**Exercise goal**
Would you please reproduce all the entries word for word, minus the pictures?

**** Task input ****

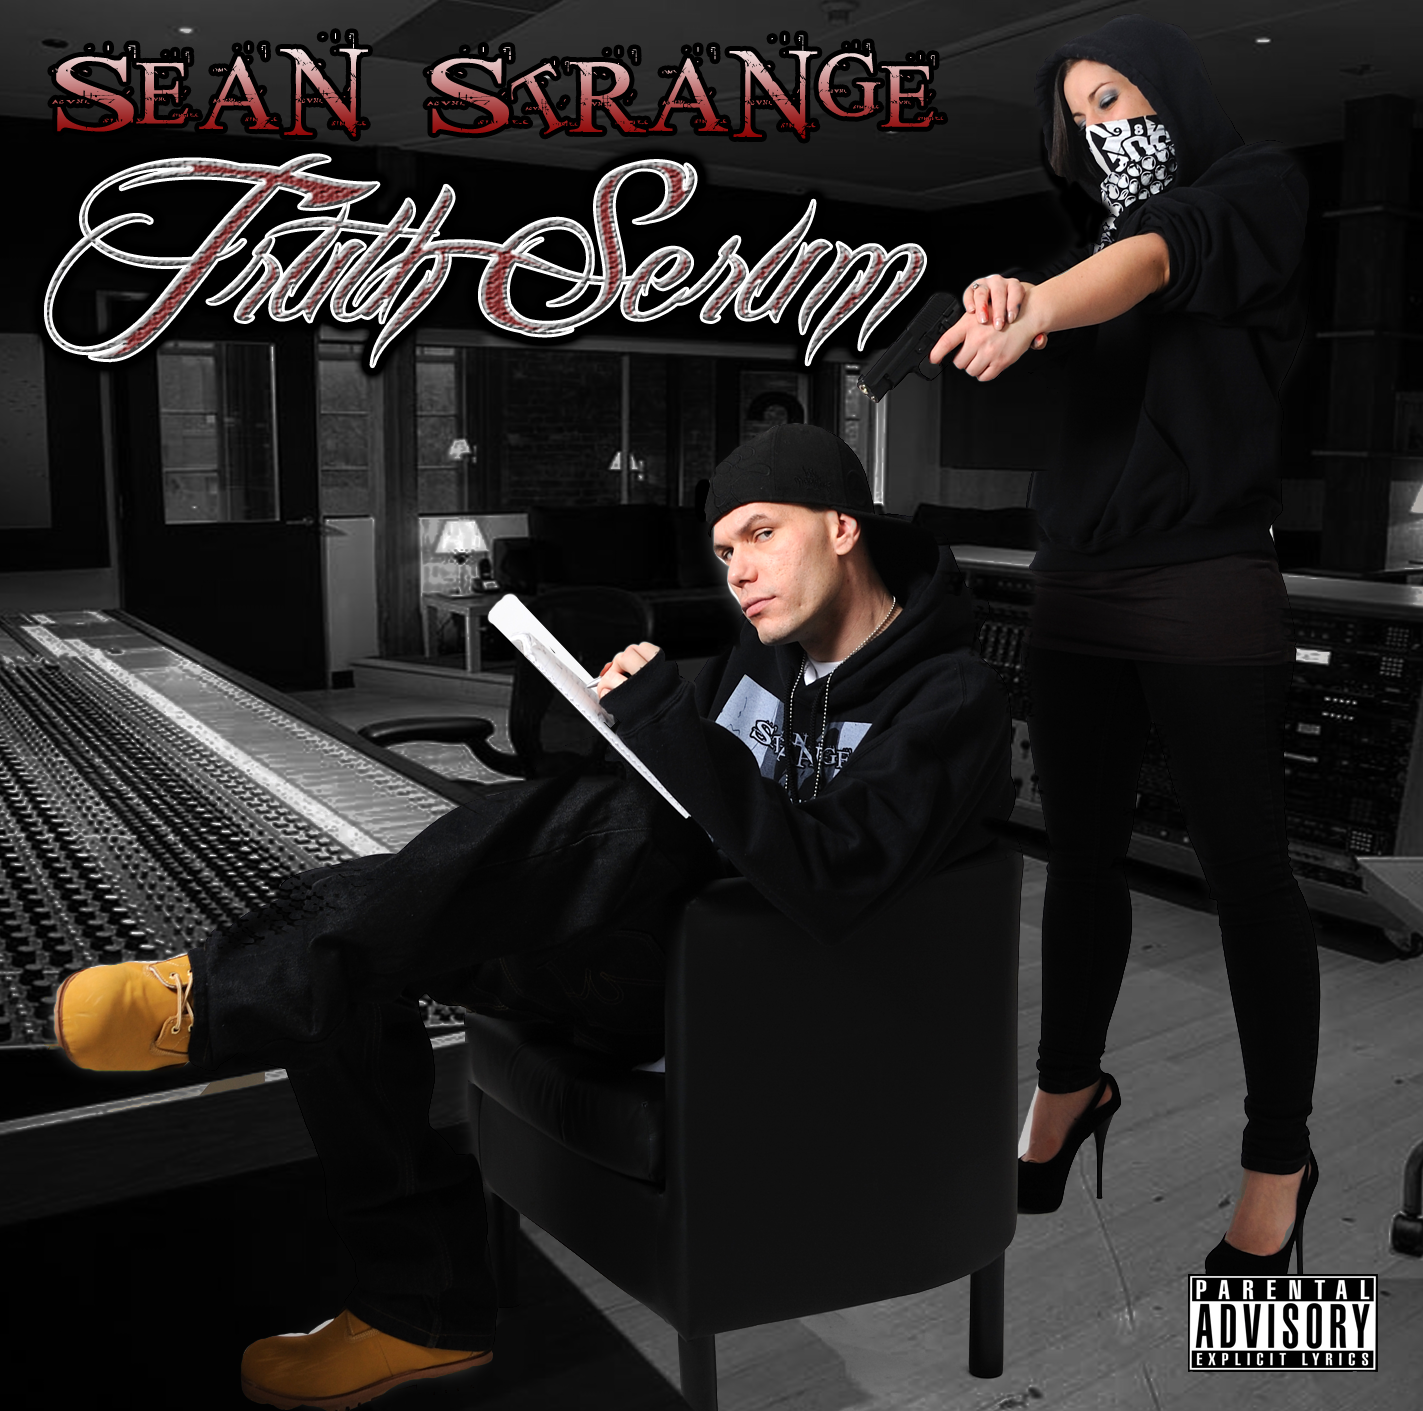 sean life is strange 2 download free
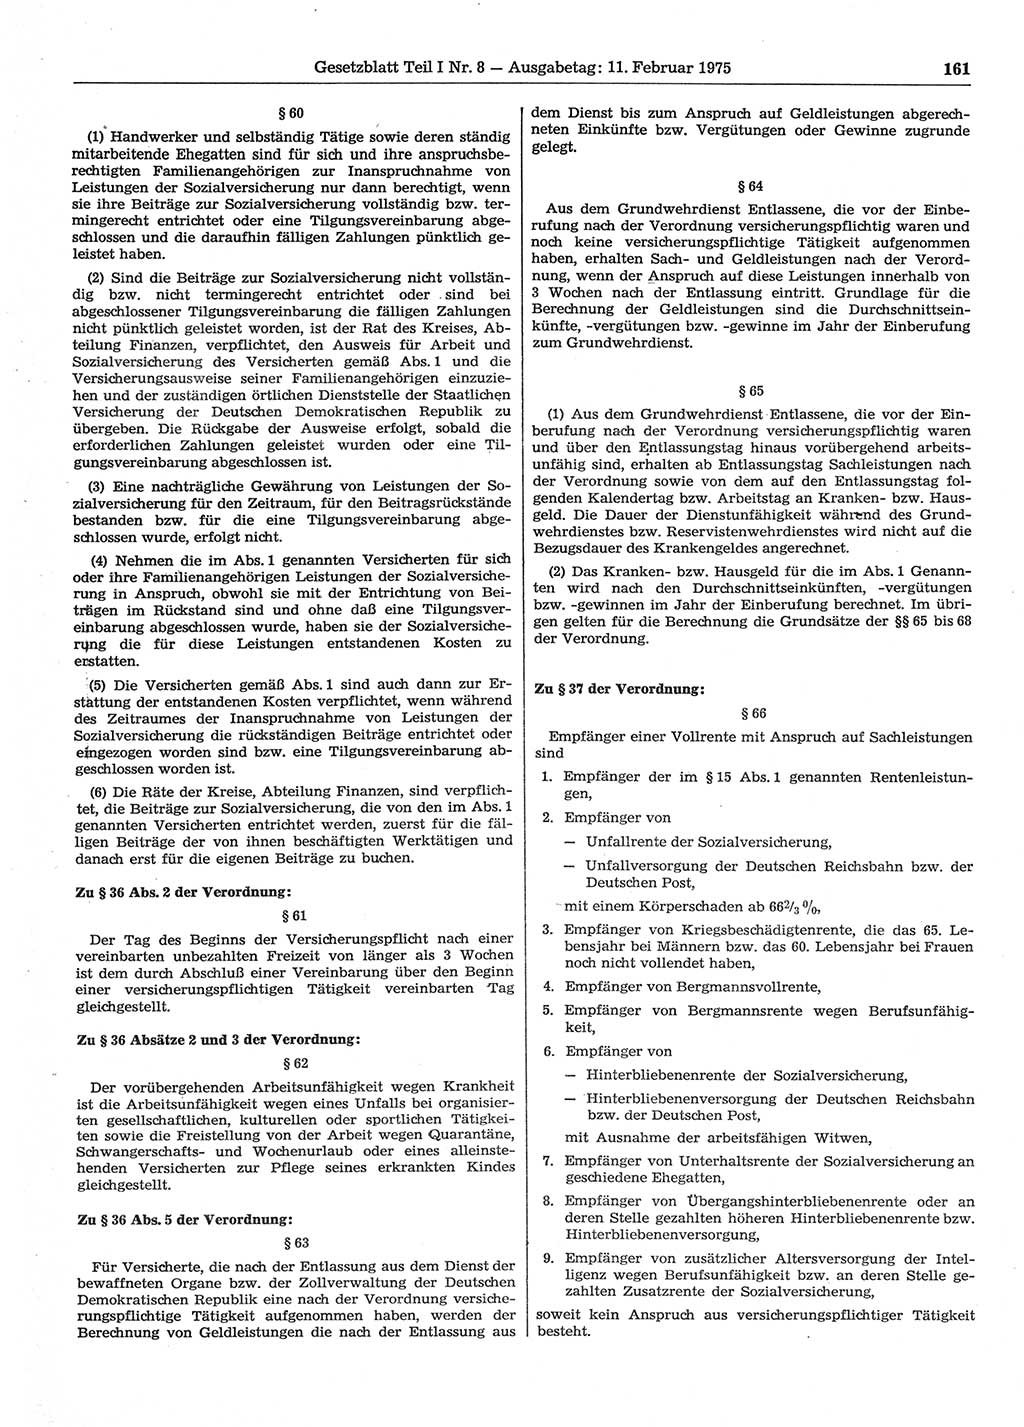 Gesetzblatt (GBl.) der Deutschen Demokratischen Republik (DDR) Teil Ⅰ 1975, Seite 161 (GBl. DDR Ⅰ 1975, S. 161)
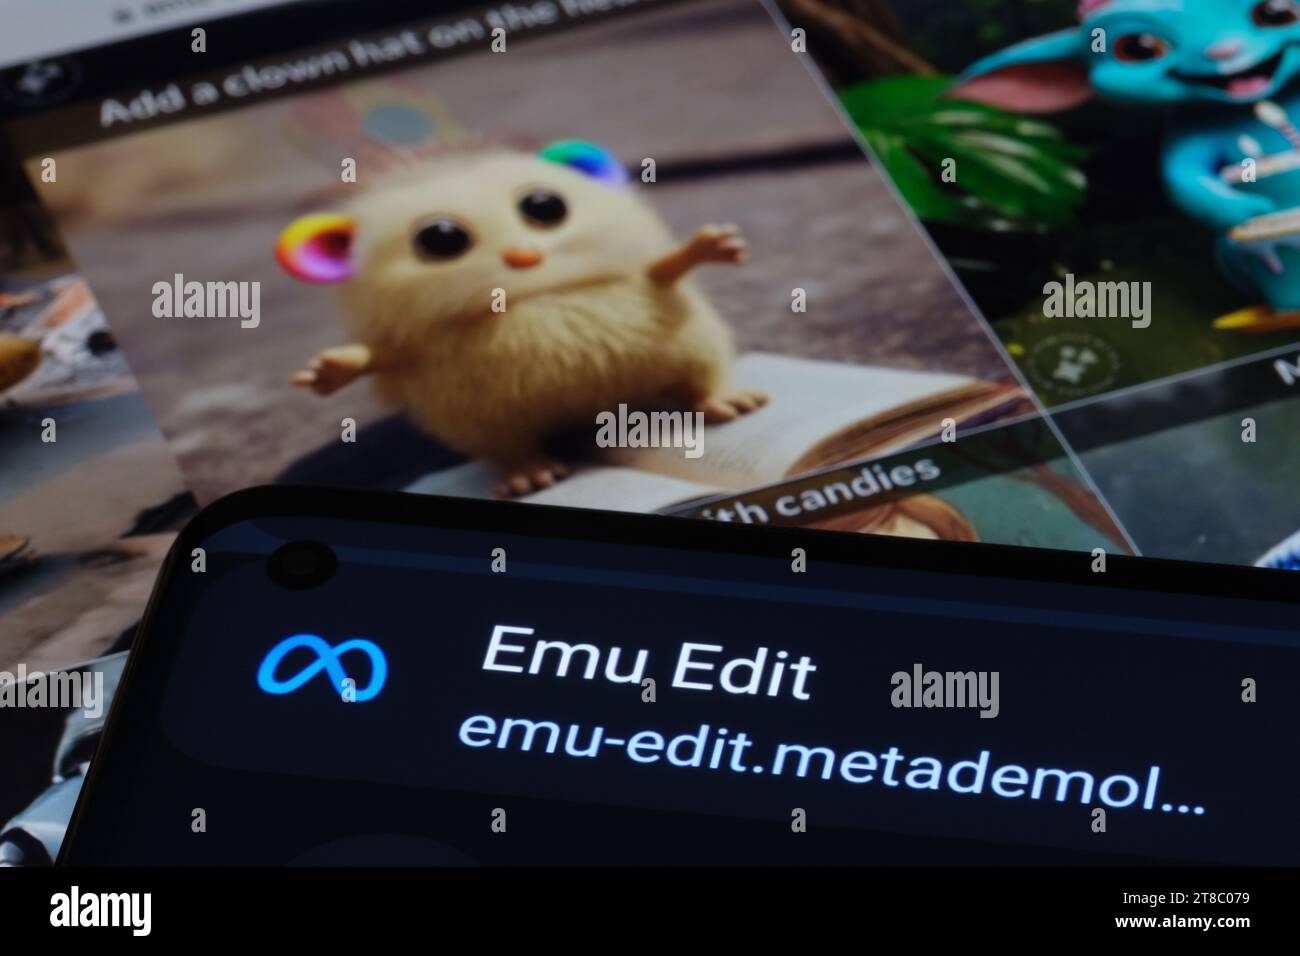 Logo de l'outil EMU Edit et EMU Video vu sur smartphone et ses exemples en arrière-plan. Nouvel outil de génération et d'édition d'images et de vidéos ai de Meta. Banque D'Images
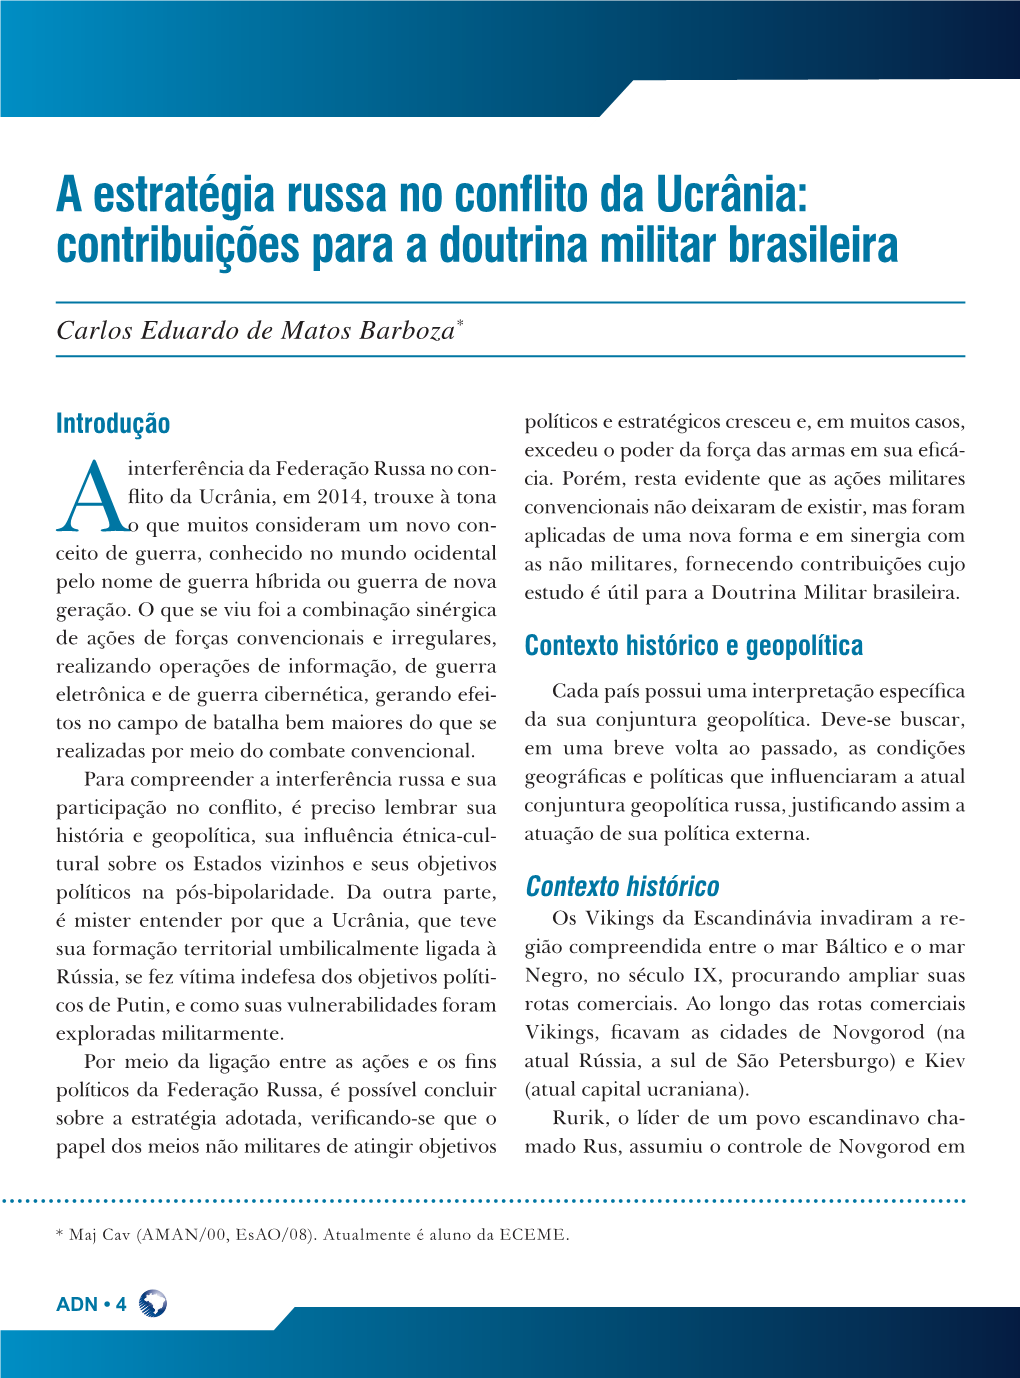 A Estratégia Russa No Conflito Da Ucrânia: Contribuições Para a Doutrina Militar Brasileira
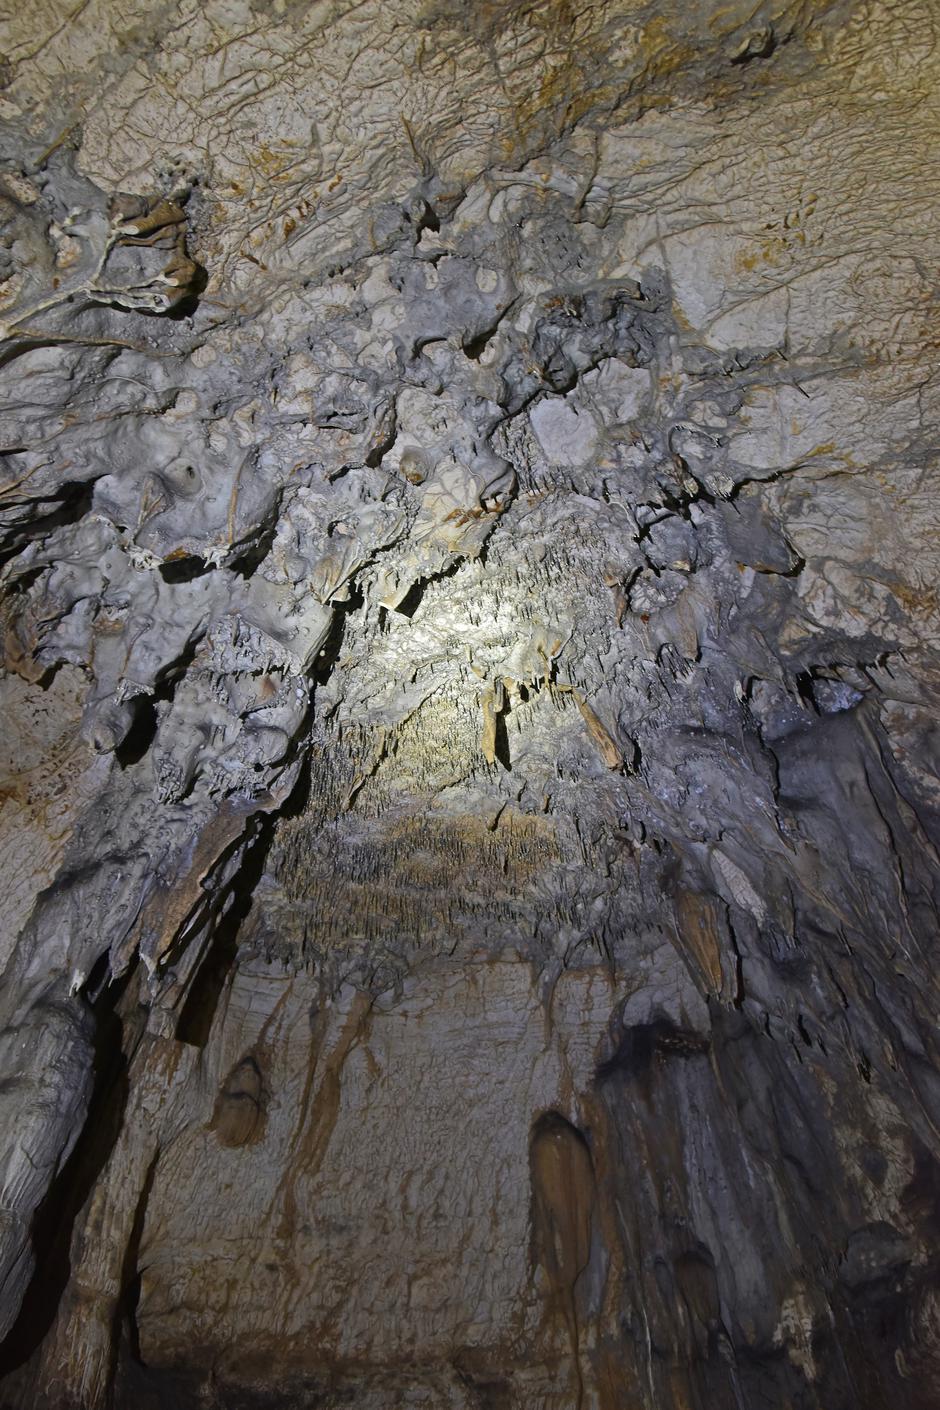 Romualdova pećina

****

**Solved problem**
 sean life is strange 2 download free
 Gesetzblatt (GBl.) der Deutschen Demokratischen Republik (DDR) Teil Ⅰ 1975, Seite 161 (GBl. DDR Ⅰ 1975, S. 161)
 Logo de l'outil EMU Edit et EMU Video vu sur smartphone et ses exemples en arrière-plan. Nouvel outil de génération et d'édition d'images et de vidéos ai de Meta. Banque D'Images
 A Estratégia Russa No Conflito Da Ucrânia: Contribuições Para a Doutrina Militar Brasileira
 Romualdova pećina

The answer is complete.